WORK REQUEST: Starting at the top of the data and ending with the line that holds "THOMSON 1817 map", transcribe each line exactly; include both ends.

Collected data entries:
- - - -

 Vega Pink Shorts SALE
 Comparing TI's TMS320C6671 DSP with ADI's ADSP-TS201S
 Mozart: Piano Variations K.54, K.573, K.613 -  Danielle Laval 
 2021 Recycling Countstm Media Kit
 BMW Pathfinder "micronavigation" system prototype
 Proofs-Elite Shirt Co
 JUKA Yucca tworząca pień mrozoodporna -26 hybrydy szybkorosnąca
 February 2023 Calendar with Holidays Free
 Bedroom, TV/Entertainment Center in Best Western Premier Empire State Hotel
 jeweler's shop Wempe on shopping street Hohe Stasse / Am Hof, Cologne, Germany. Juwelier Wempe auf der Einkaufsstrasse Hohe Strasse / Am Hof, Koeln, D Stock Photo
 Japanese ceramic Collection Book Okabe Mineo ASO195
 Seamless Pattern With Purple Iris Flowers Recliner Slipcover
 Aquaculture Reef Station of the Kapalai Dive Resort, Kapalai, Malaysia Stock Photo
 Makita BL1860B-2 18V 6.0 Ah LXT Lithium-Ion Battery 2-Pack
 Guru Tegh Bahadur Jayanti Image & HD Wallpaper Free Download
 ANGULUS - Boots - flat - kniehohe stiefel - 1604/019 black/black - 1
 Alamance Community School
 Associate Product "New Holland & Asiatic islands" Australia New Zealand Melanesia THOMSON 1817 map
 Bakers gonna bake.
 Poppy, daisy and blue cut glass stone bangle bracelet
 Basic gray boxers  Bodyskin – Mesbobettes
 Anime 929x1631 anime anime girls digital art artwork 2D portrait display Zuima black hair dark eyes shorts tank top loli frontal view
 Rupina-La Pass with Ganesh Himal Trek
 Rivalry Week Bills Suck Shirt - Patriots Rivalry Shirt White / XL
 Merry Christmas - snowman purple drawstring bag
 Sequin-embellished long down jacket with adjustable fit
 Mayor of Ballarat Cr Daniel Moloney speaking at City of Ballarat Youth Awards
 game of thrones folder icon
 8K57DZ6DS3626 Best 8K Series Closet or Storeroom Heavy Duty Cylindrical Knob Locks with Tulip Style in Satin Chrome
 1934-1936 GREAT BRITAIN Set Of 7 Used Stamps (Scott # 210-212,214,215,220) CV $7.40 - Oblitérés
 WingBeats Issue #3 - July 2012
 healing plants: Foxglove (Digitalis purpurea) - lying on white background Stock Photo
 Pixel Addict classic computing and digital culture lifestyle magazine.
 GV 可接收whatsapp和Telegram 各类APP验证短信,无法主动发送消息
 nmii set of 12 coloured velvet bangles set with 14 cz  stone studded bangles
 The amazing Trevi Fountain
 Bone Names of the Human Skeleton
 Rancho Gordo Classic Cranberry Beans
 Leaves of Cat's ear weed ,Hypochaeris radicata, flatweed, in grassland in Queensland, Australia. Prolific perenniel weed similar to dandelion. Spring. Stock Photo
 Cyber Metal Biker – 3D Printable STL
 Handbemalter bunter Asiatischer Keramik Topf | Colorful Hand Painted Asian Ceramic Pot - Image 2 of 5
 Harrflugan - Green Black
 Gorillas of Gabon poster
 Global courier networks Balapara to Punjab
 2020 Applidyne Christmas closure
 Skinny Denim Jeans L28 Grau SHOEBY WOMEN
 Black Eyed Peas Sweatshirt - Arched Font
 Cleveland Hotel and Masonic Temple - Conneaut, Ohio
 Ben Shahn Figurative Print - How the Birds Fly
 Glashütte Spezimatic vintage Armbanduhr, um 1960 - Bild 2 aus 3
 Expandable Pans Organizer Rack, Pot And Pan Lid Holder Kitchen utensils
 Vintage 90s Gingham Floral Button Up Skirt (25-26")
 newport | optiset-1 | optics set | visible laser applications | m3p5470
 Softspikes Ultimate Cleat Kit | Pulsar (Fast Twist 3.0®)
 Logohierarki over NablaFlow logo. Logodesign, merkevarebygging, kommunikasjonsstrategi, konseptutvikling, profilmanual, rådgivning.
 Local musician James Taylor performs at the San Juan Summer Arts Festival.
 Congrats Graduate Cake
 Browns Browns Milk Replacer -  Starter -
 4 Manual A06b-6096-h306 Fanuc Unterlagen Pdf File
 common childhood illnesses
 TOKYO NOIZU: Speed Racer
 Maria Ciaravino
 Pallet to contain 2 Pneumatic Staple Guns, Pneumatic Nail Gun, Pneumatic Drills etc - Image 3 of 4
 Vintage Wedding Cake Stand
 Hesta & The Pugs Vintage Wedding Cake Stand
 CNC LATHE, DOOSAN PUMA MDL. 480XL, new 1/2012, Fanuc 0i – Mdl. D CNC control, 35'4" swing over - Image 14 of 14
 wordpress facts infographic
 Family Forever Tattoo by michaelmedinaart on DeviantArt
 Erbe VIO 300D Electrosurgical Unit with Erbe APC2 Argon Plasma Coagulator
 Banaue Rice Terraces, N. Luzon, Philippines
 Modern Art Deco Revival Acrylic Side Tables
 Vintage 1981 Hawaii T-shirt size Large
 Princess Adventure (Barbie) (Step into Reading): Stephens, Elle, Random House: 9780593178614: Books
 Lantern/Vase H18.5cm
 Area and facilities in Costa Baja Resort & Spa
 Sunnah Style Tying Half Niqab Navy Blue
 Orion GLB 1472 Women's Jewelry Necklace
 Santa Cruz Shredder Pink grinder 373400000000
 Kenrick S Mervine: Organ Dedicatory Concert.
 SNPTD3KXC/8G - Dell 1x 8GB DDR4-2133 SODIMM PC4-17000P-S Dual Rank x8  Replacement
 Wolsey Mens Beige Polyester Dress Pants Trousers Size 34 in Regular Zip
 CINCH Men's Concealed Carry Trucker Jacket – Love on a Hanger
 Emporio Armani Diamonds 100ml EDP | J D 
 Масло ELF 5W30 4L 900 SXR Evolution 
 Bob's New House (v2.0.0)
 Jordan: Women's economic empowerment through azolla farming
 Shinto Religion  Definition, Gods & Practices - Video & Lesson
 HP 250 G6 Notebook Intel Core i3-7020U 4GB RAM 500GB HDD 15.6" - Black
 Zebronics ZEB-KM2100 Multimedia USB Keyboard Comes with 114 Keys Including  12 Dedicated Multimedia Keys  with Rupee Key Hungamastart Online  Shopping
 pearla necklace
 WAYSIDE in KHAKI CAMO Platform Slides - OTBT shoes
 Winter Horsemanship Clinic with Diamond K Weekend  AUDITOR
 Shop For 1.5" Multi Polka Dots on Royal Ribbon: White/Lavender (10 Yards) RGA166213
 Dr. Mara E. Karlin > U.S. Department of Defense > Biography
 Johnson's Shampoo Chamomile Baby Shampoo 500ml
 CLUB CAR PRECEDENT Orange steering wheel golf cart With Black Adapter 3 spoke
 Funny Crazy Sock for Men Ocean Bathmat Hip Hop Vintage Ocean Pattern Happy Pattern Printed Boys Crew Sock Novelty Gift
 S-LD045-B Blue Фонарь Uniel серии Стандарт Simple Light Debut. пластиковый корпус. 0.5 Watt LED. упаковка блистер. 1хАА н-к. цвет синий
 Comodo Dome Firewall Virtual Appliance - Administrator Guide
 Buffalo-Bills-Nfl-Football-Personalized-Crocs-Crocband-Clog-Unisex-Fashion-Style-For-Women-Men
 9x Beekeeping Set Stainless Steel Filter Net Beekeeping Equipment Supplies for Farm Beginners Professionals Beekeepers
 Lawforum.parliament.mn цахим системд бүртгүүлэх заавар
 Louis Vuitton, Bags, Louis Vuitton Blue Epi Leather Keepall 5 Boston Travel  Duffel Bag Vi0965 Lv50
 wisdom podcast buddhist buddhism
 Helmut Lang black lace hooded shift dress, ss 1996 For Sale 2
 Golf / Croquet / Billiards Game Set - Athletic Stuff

- - - -

WRITTEN RESPONSE:
 Vega Pink Shorts SALE
 Comparing TI's TMS320C6671 DSP with ADI's ADSP-TS201S
 Mozart: Piano Variations K.54, K.573, K.613 -  Danielle Laval 
 2021 Recycling Countstm Media Kit
 BMW Pathfinder "micronavigation" system prototype
 Proofs-Elite Shirt Co
 JUKA Yucca tworząca pień mrozoodporna -26 hybrydy szybkorosnąca
 February 2023 Calendar with Holidays Free
 Bedroom, TV/Entertainment Center in Best Western Premier Empire State Hotel
 jeweler's shop Wempe on shopping street Hohe Stasse / Am Hof, Cologne, Germany. Juwelier Wempe auf der Einkaufsstrasse Hohe Strasse / Am Hof, Koeln, D Stock Photo
 Japanese ceramic Collection Book Okabe Mineo ASO195
 Seamless Pattern With Purple Iris Flowers Recliner Slipcover
 Aquaculture Reef Station of the Kapalai Dive Resort, Kapalai, Malaysia Stock Photo
 Makita BL1860B-2 18V 6.0 Ah LXT Lithium-Ion Battery 2-Pack
 Guru Tegh Bahadur Jayanti Image & HD Wallpaper Free Download
 ANGULUS - Boots - flat - kniehohe stiefel - 1604/019 black/black - 1
 Alamance Community School
 Associate Product "New Holland & Asiatic islands" Australia New Zealand Melanesia THOMSON 1817 map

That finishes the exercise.